There is another figure who was “playing with radio” that same year. He single-handedly changed the landscape of broadcasting and of American culture. And he was responsible for the purchase and installation of a lot of wire and cable. See if you can guess who he is.

No rabbi he

He was born in Russia in 1891. His parents send him to rabbinical school. It is probably lucky that he never pursued this career, as he would probably have made the worst rabbi ever.

To avoid the pogroms, the family moved to the United States in 1900. Here the young boy learned English and became entranced by the telegraph. In his late teens, he got a job as a telegraph operator working for the Marconi Wireless Telegraph Company atop the Wanamaker Hardware building in New York City.

There, on April 14, 1912, at age 21, he was operator on duty when a call came in. This was no normal call, but an S-O-S from a ship at sea. (The use of S-O-S for emergencies had only been established a few months before.)

The ship was the Titanic. As news hit the streets, this young man’s name instantly became a household word. And for the last time in history, radio silence was declared all along the East Coast so that this man could receive and send messages to the Titanic and the ships going to its aid.

The story has been carefully crafted into legend, so it is not known for sure if he was the first person to hear of the disaster.
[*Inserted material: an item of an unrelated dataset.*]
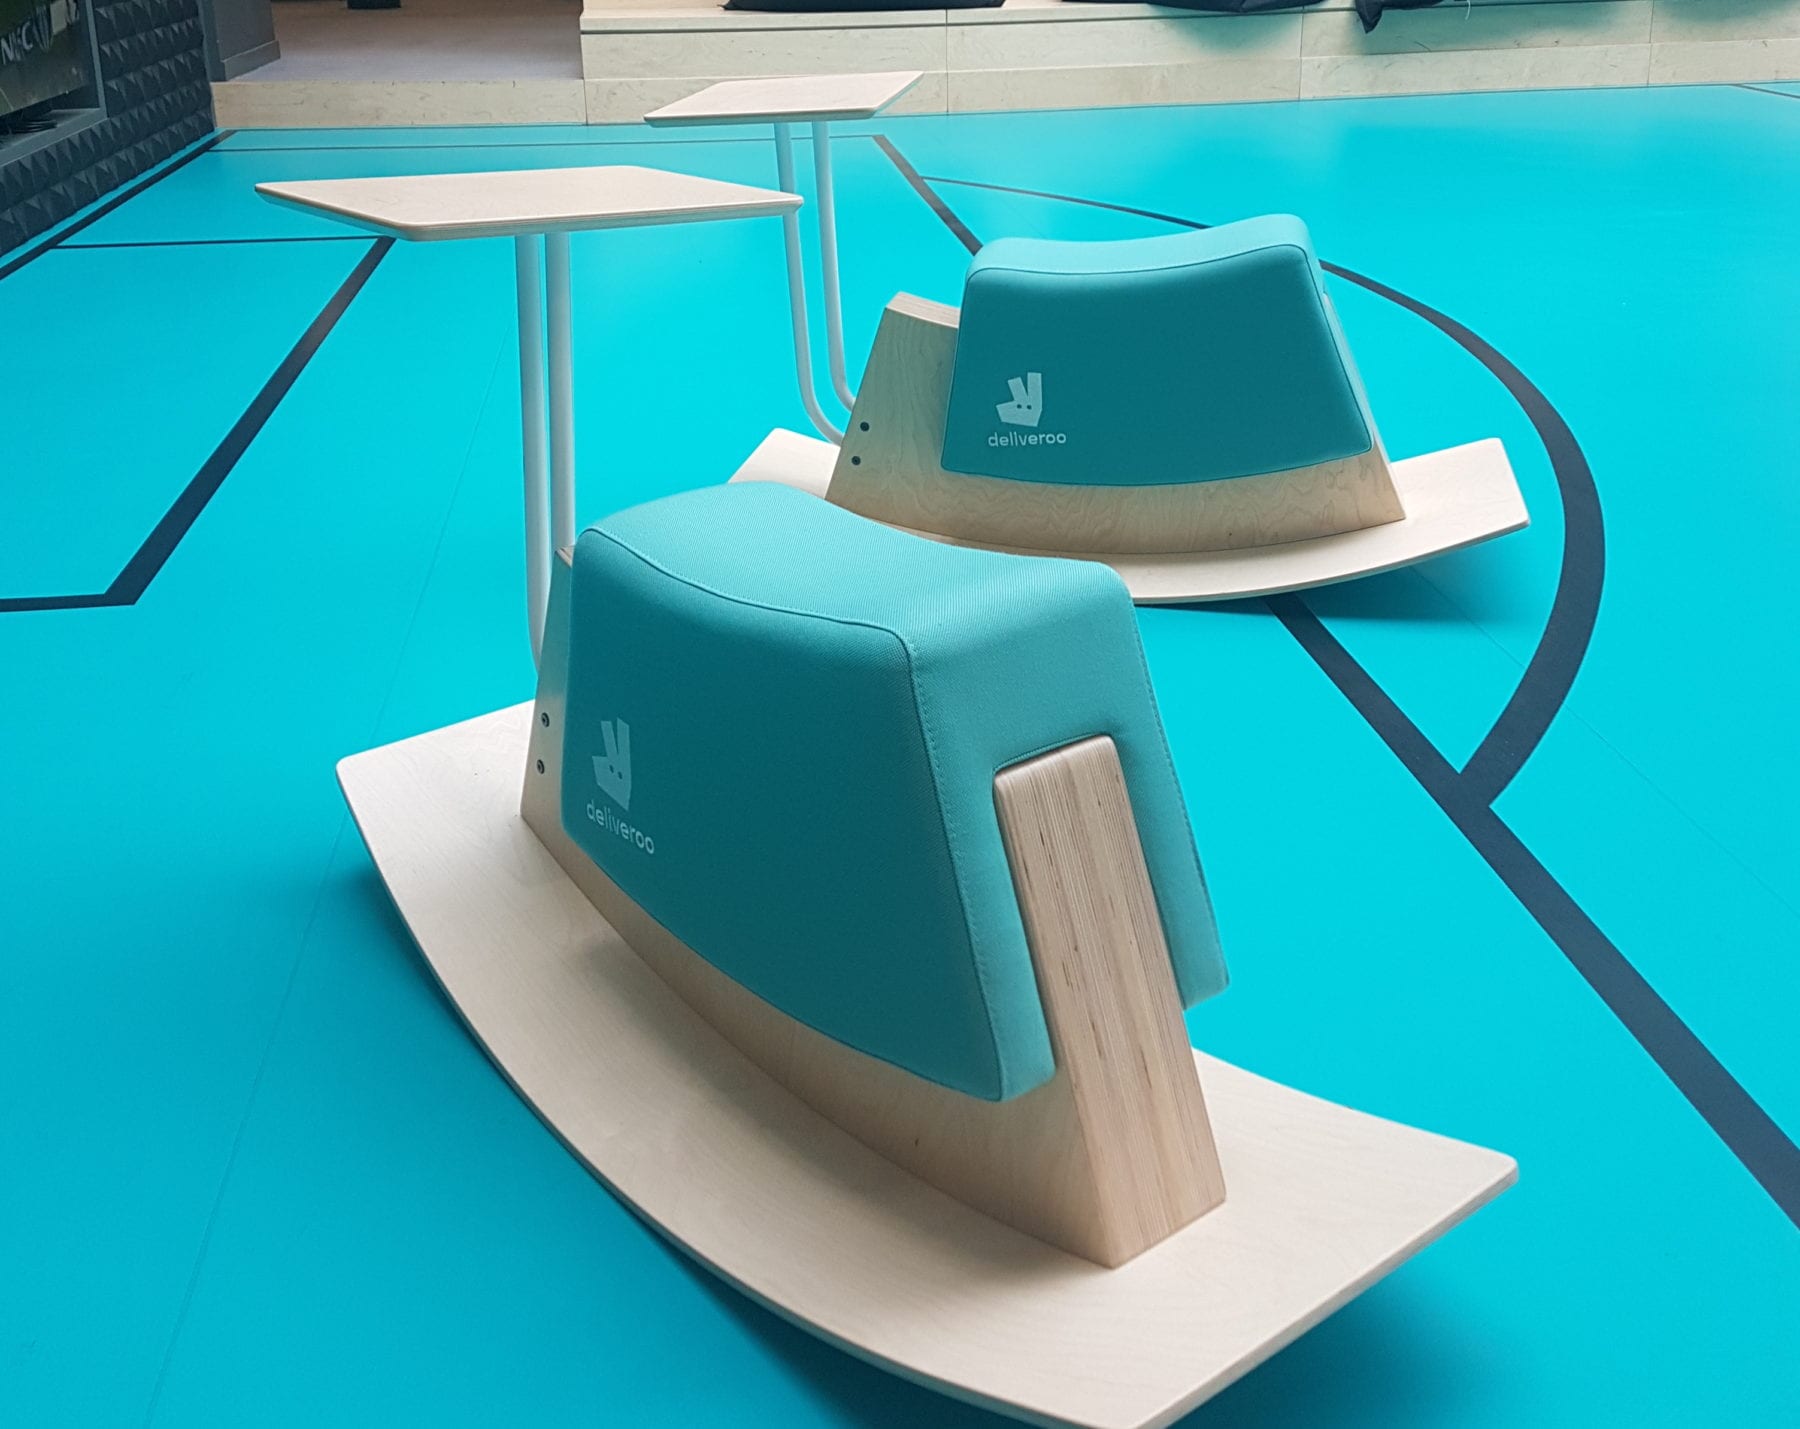 Deliveroo branded Rokkadots by Workagile

However, it is accepted that he stayed at his post for 72 hours, relaying messages to and from the ships going to rescue the survivors.

By 1916, along with Armstrong and de Forest, he was using his newfound fame to push the idea of commercial radio, something he called the “wireless music box,” although this idea was before its time. Even as late as 1920, one potential investor wrote him to say, “The wireless music box has no imaginable commercial value. Who would pay for a message sent to nobody in particular?”
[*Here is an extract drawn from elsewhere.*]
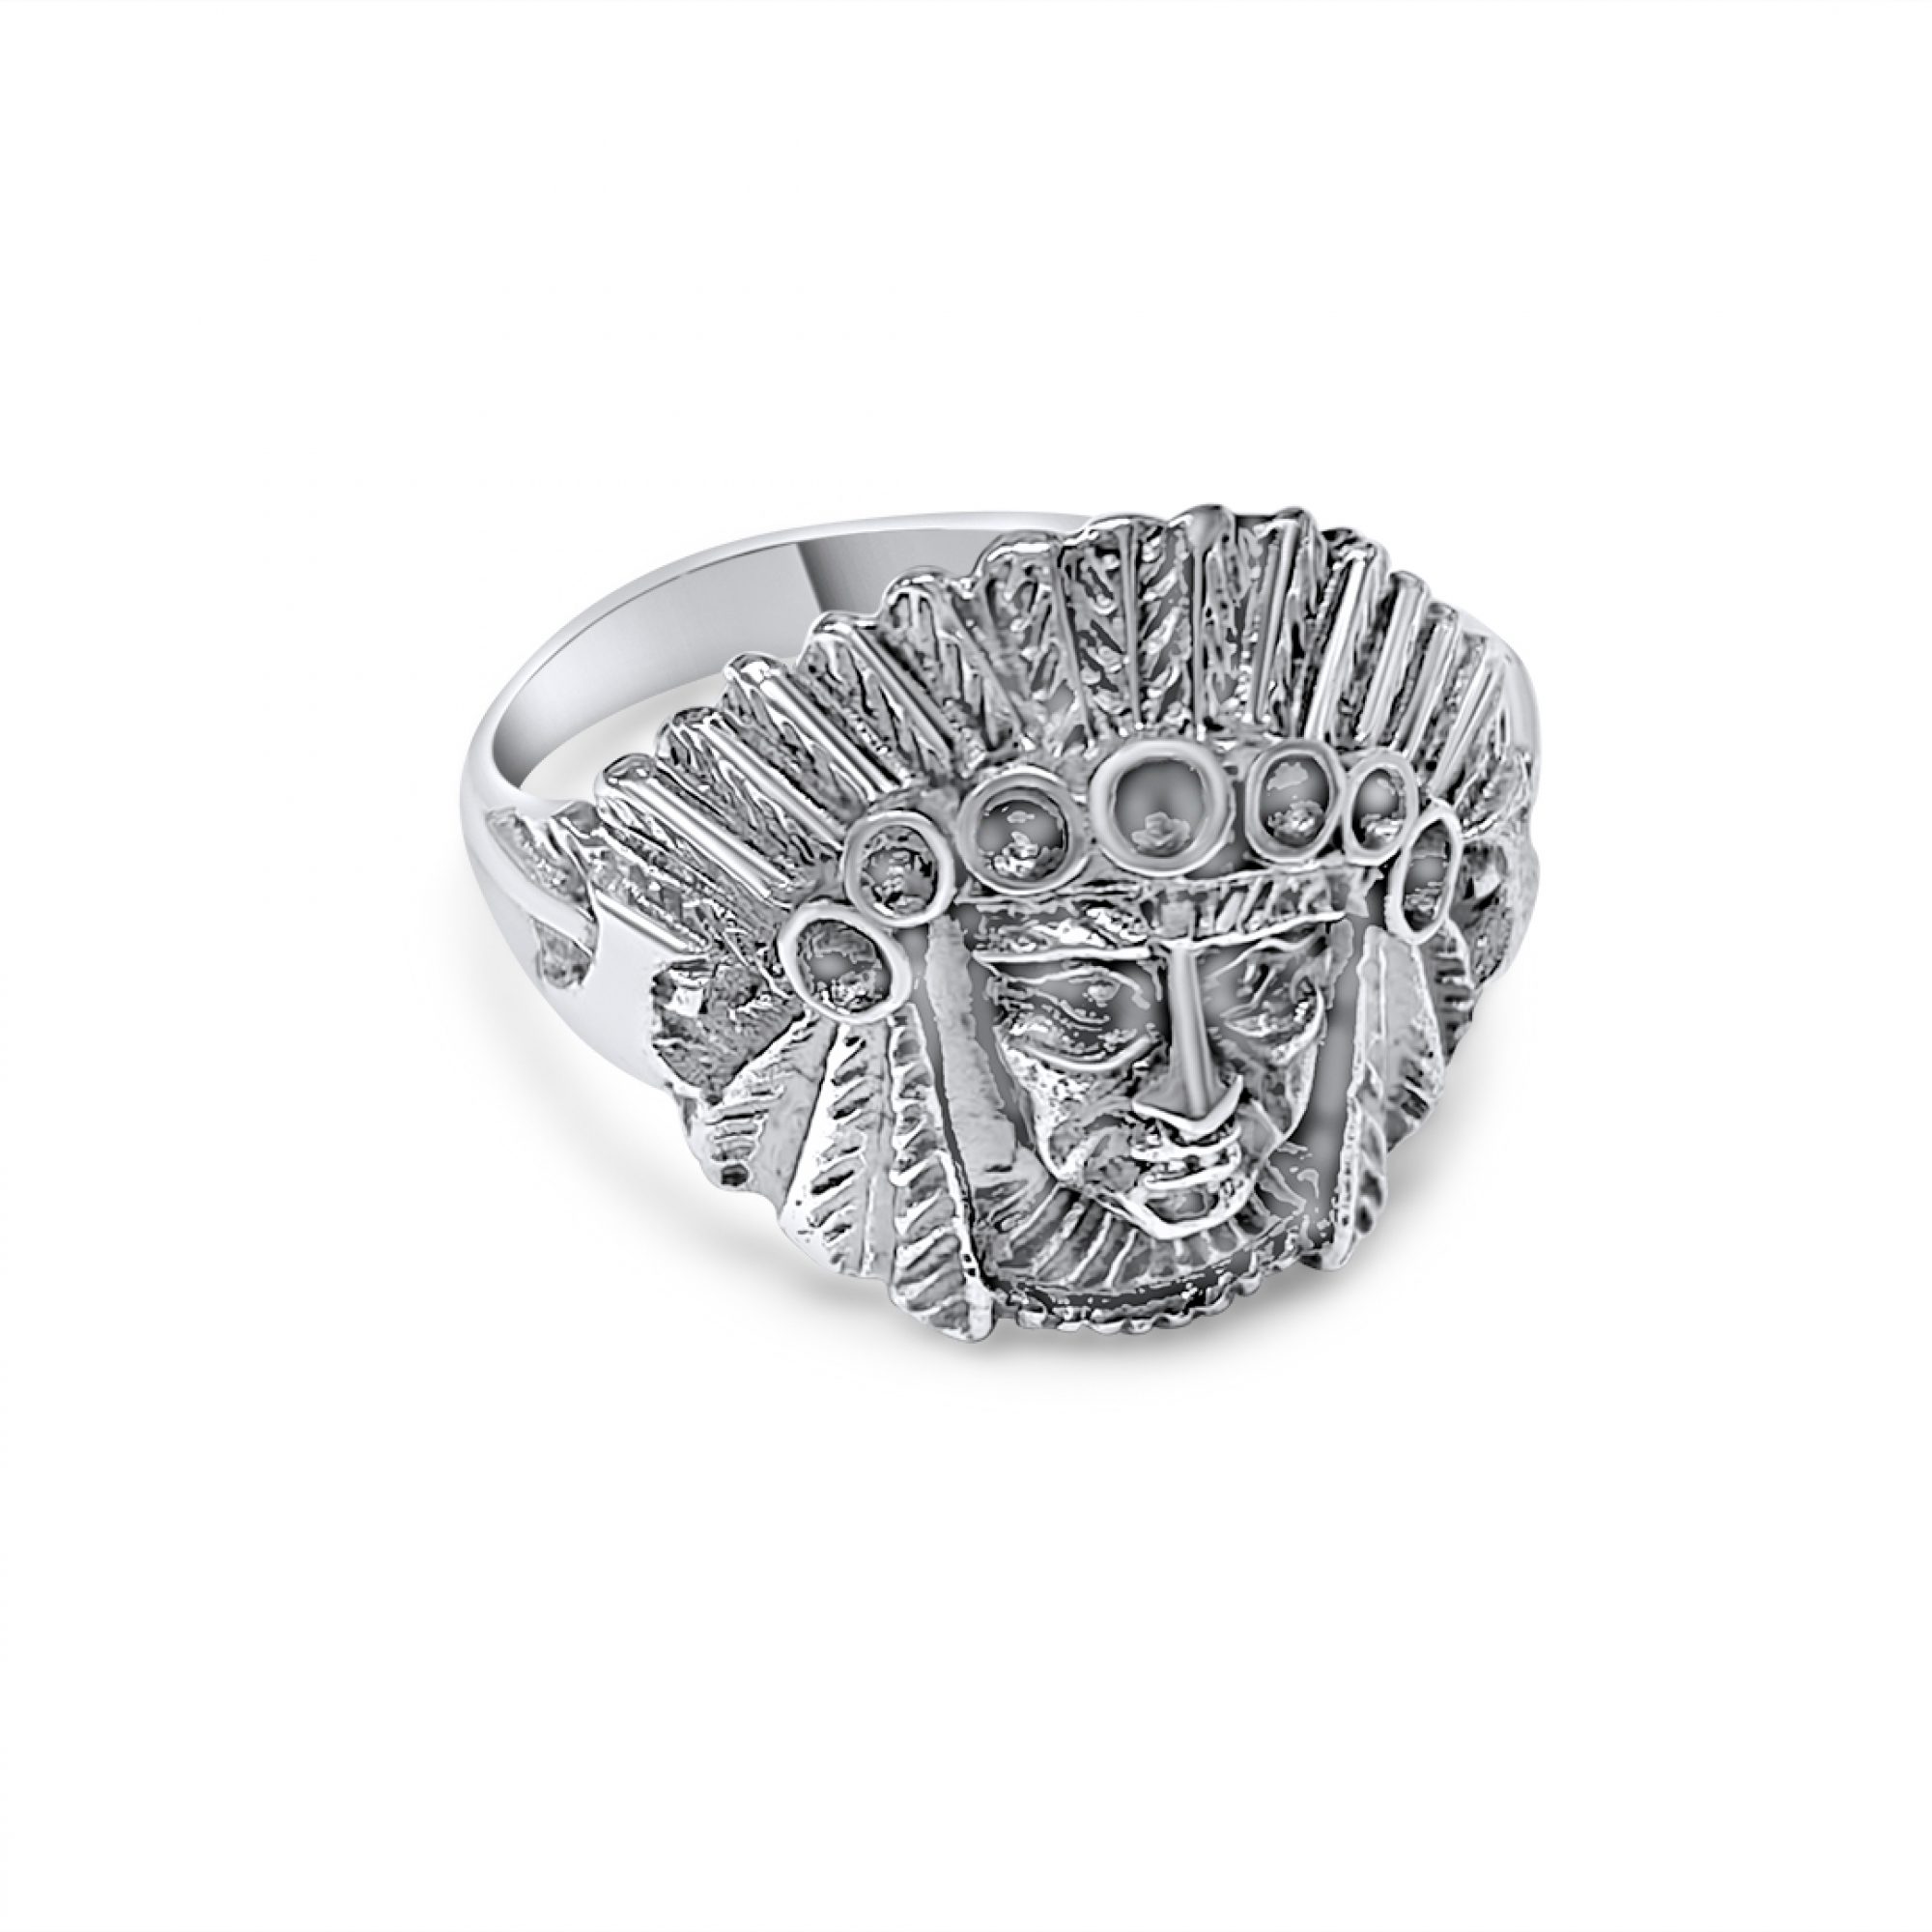 Silver Indian ring

Even the Marconi Company, his employer, rejected the idea of radio as anything but a communications medium. So he went to work for the Radio Corporation of America in 1920.

By 1921, RCA’s broadcast of the Dempsey-Carpentier boxing match attracted 300,000 radio listeners. Radio was off and running.

Our hero eventually rose to chairman of the board from 1947-1970. His exploits regarding the founding of NBC, his ruthless business dealings, especially with inventors such as Philo T. Farnsworth and C. Francis Jenkins, are detailed elsewhere.

His name? David Sarnoff (1891-1971). He liked the honorary title of “General.”

RCA pretty much owned the broadcast industry and, therefore, was responsible for a lot of wire and cable.